__What you are asked to do__:
What you return should match the material below line for line, except that no image appears in it.

__Dataset extract__:
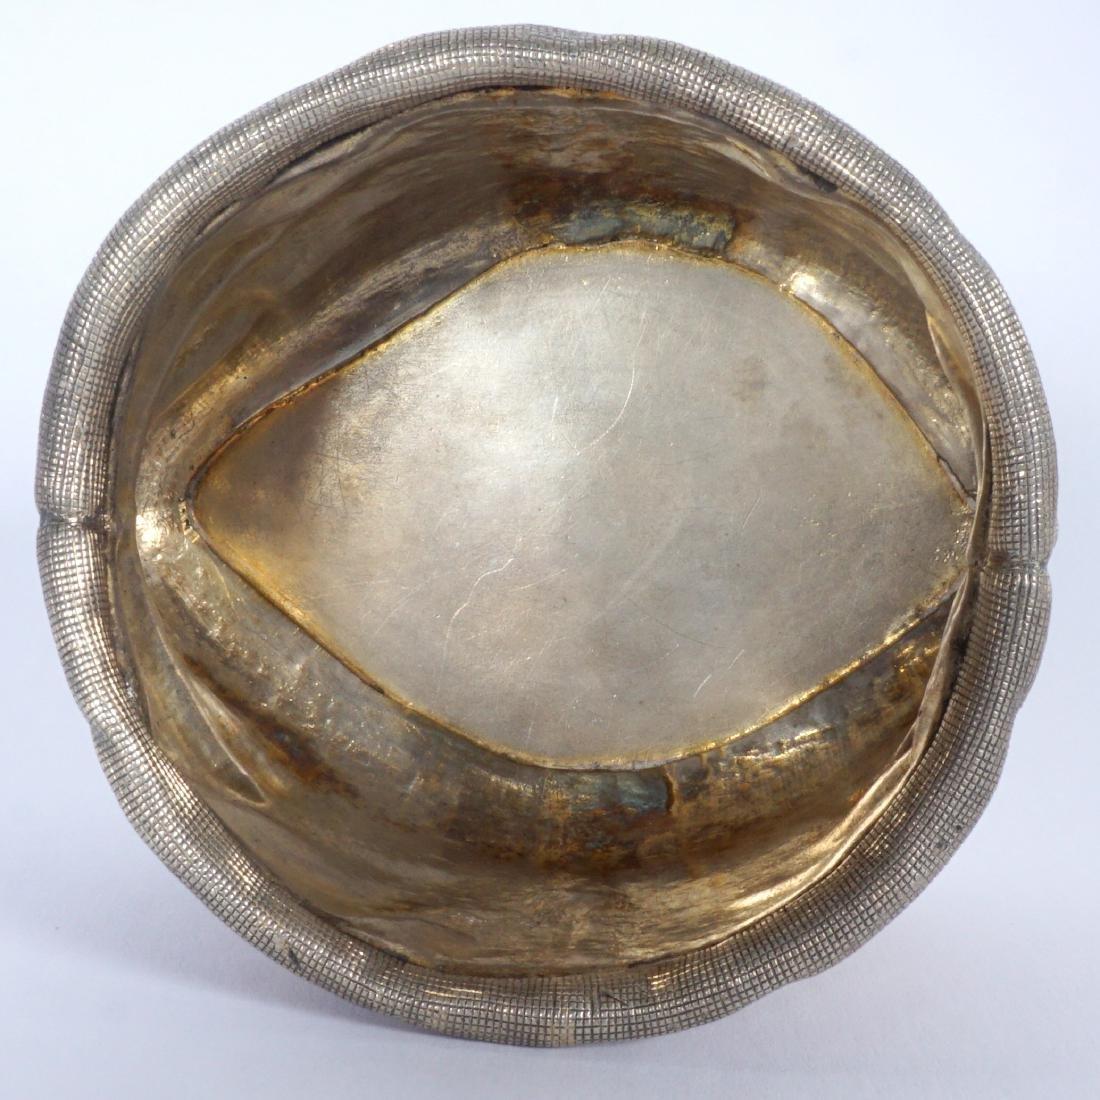 Russian Silver Trompe L'oeil Bag - 5
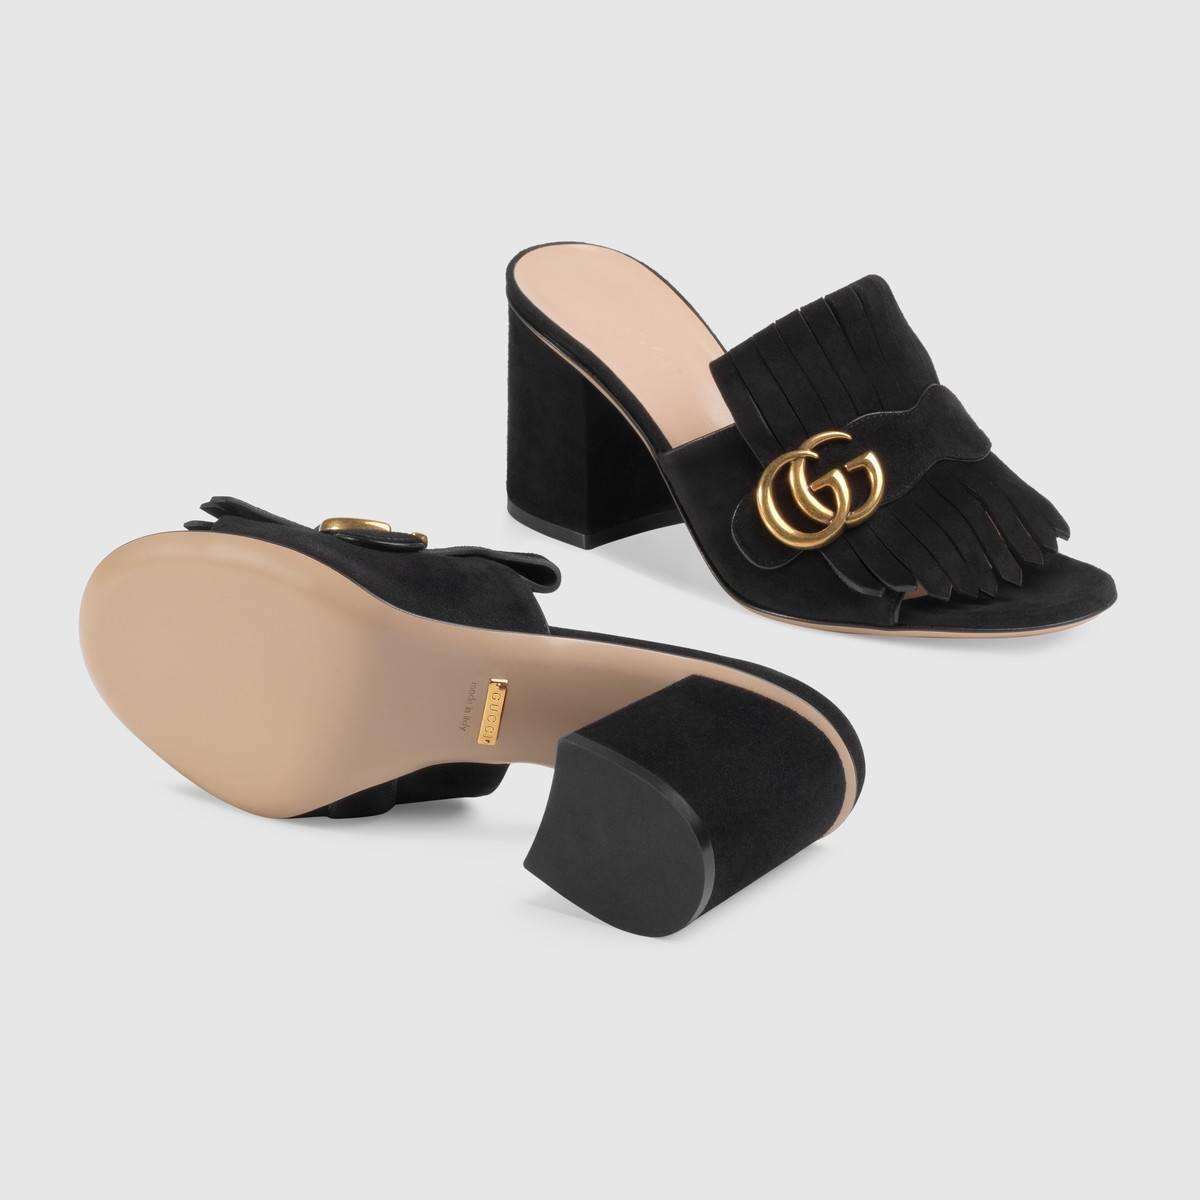 Gucci Mid Heel Slide
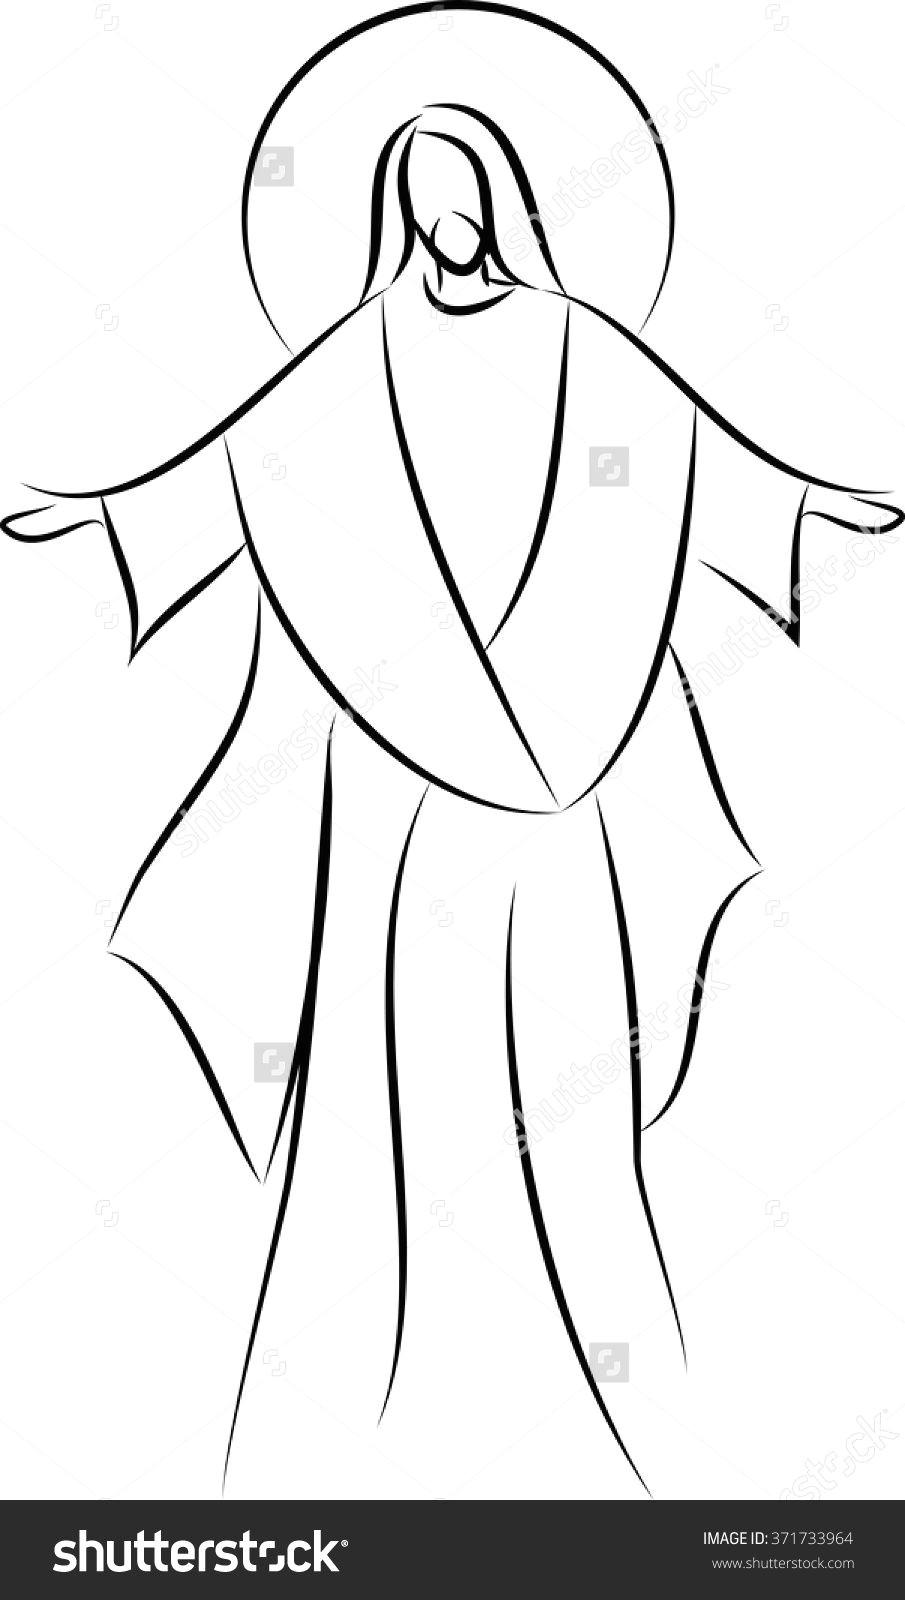 pin od zofia morua na wzory do techniki pergaminowej christ jesus christ i drawings

__Written solution__:
 Russian Silver Trompe L'oeil Bag - 5
 Gucci Mid Heel Slide
 pin od zofia morua na wzory do techniki pergaminowej christ jesus christ i drawings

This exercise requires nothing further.